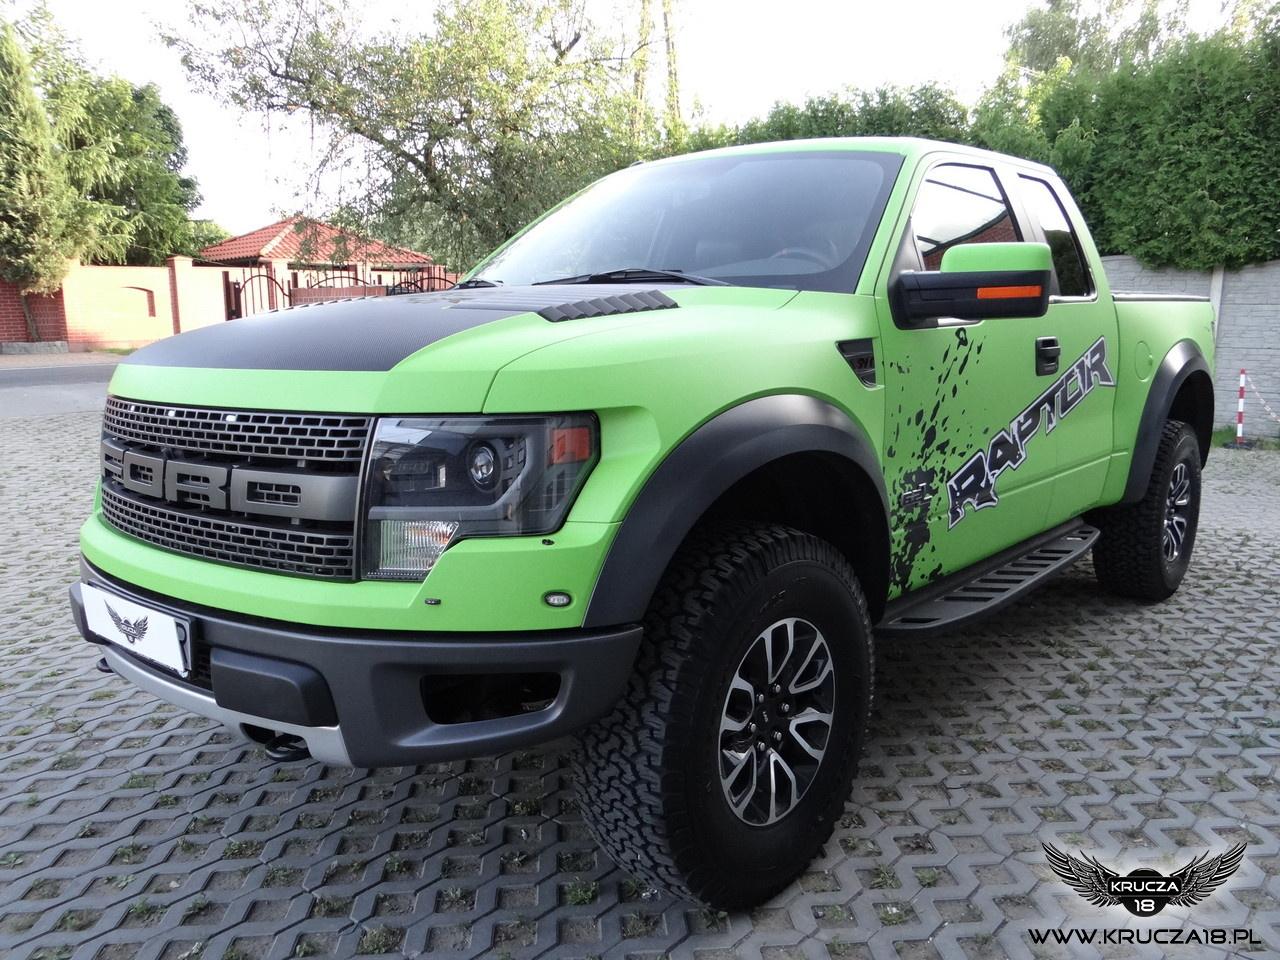 Ford F150 Raptor SVT - Green Matt
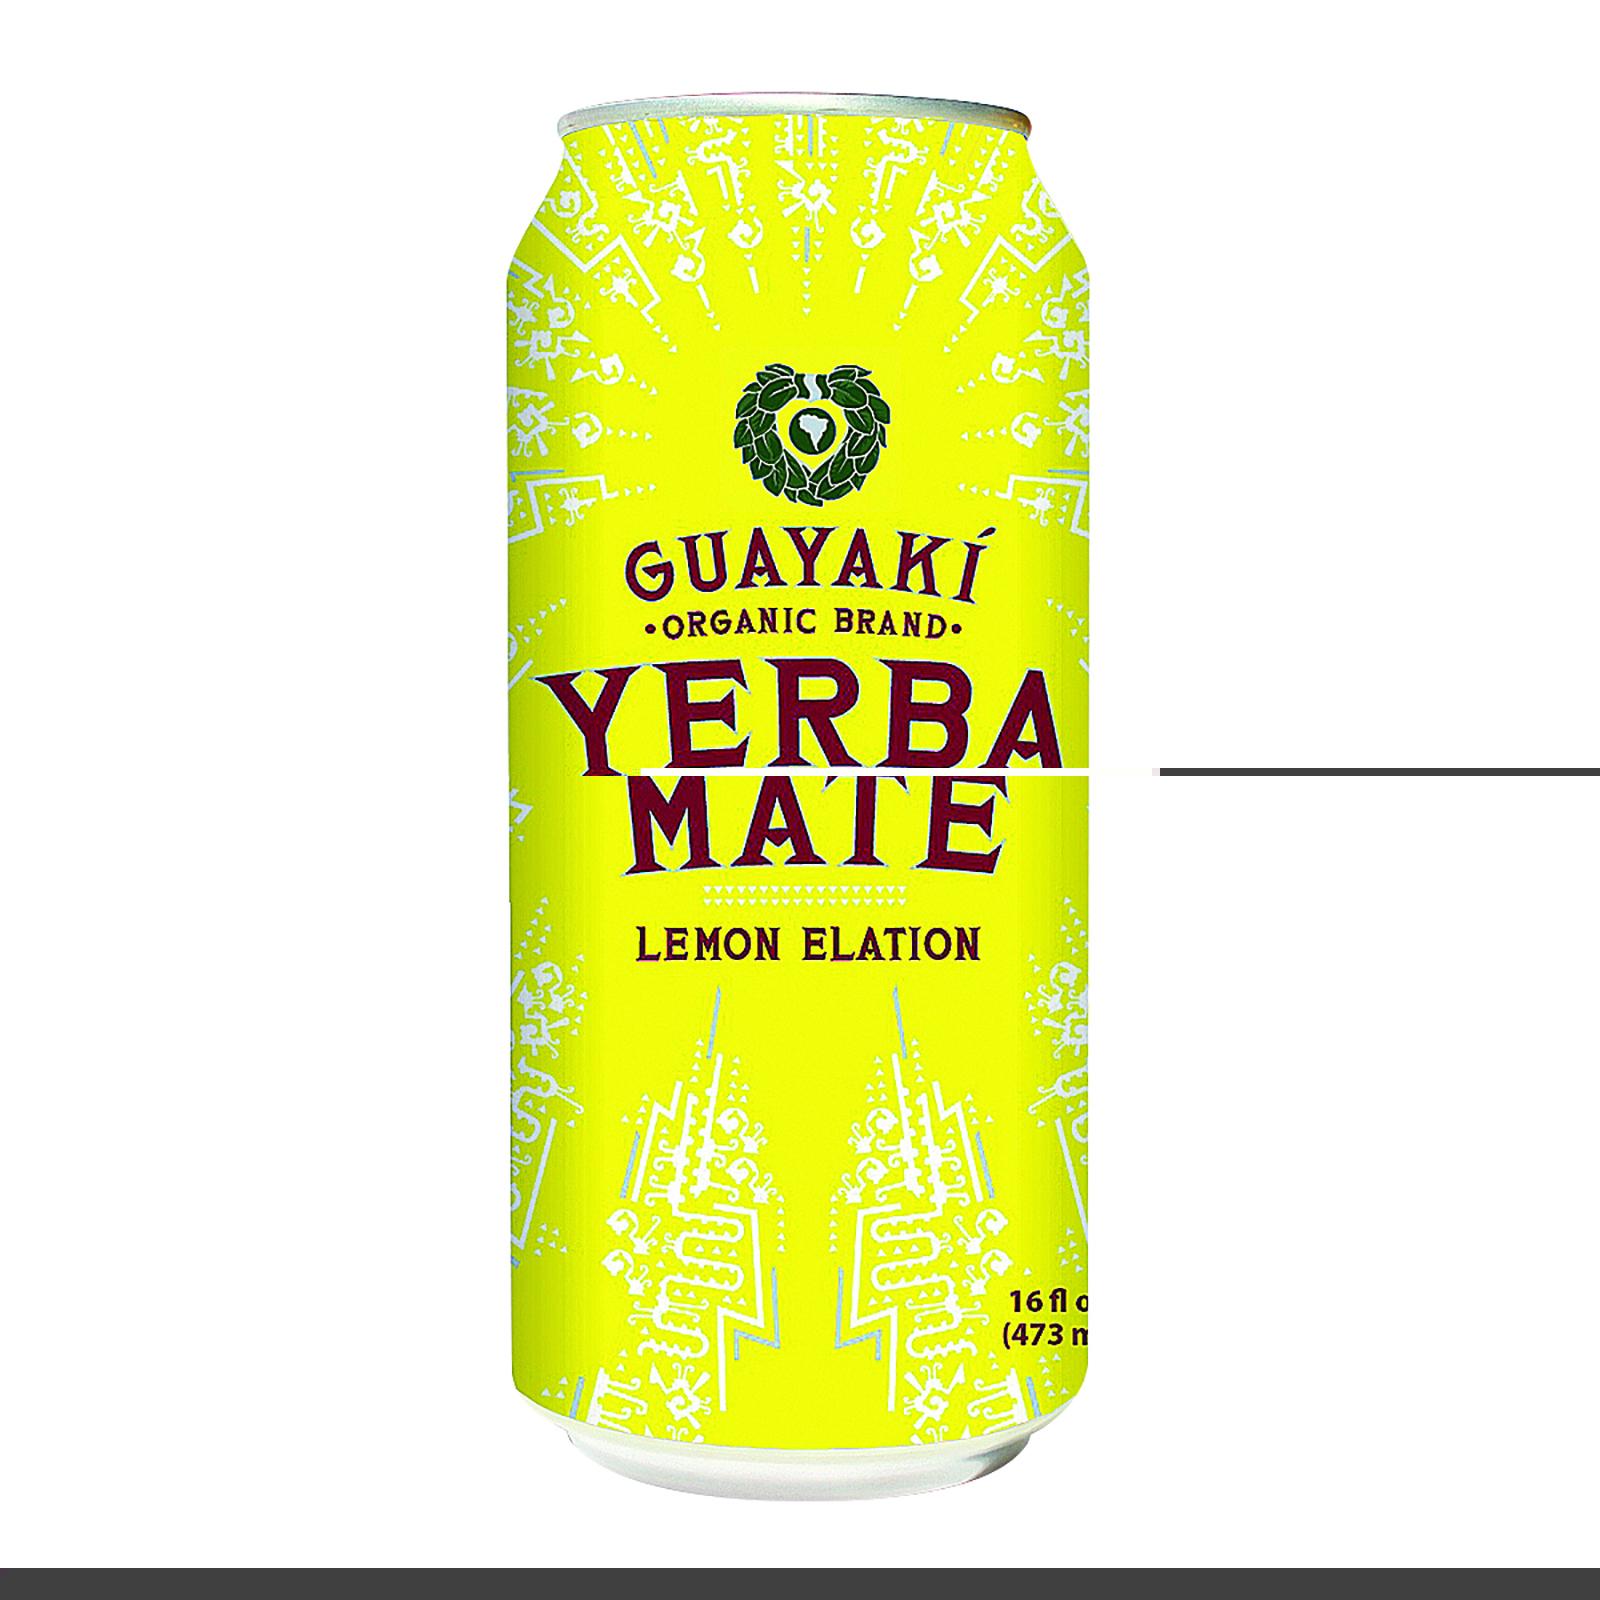 Guayaki Yerba Mate - Lemon Elation - Case of 12 - 15.5 Fl oz.
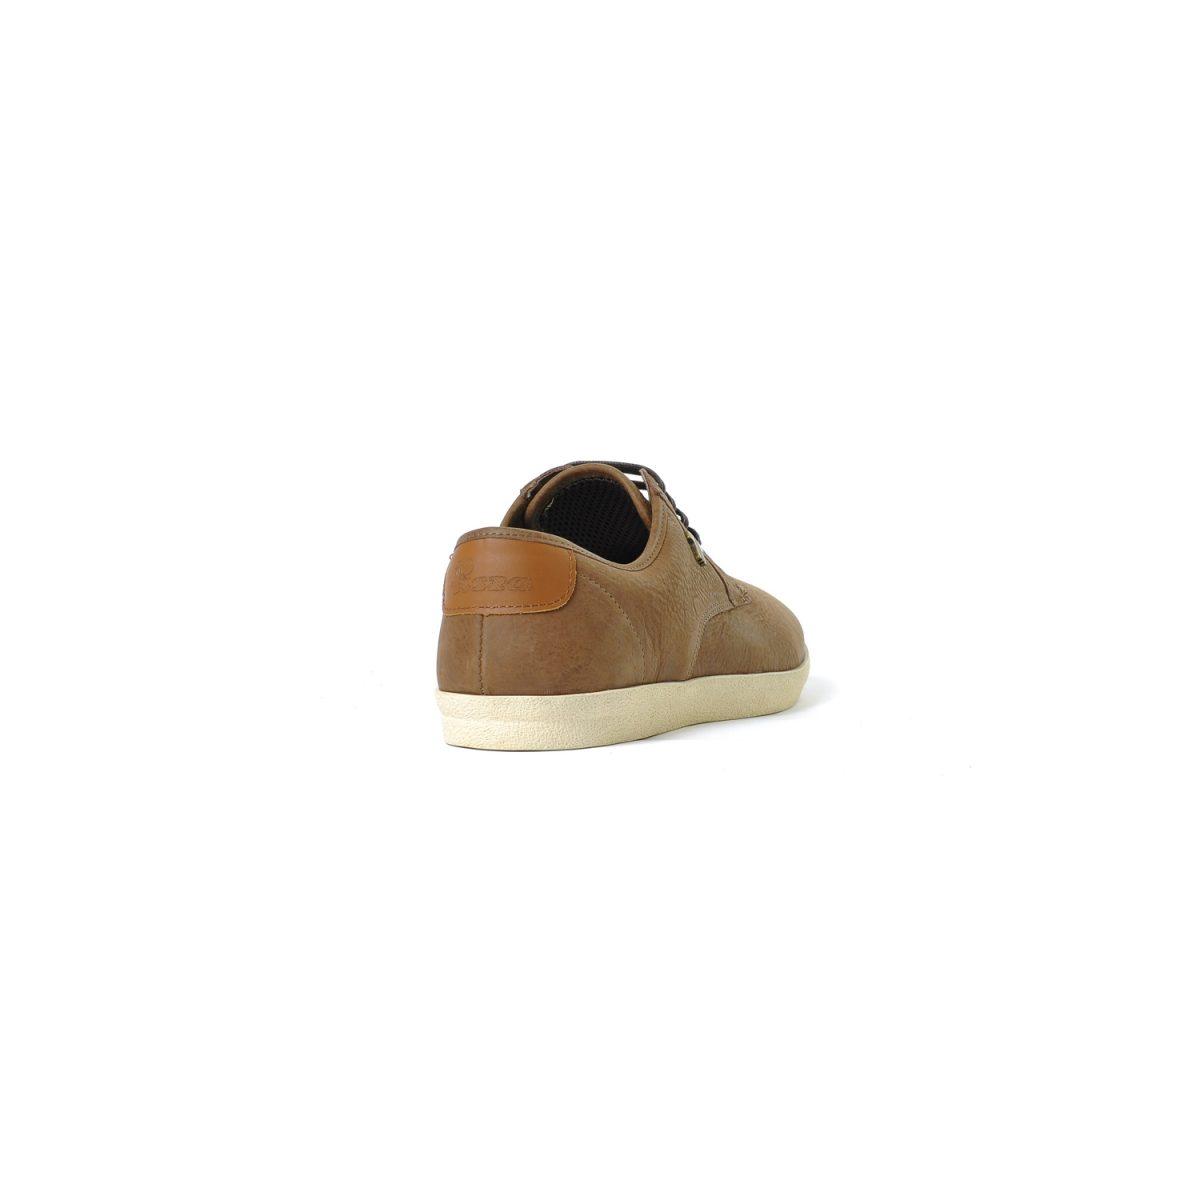 Tisza cipő - City - Barna bőr

_INSTRUCTIONS TO FOLLOW:_ Set the listing above down again exactly, leaving pictures out.

_SOLUTION FOR THIS PROBLEM:_
 Ford F150 Raptor SVT - Green Matt
 Guayaki Yerba Mate - Lemon Elation - Case of 12 - 15.5 Fl oz.
 Tisza cipő - City - Barna bőr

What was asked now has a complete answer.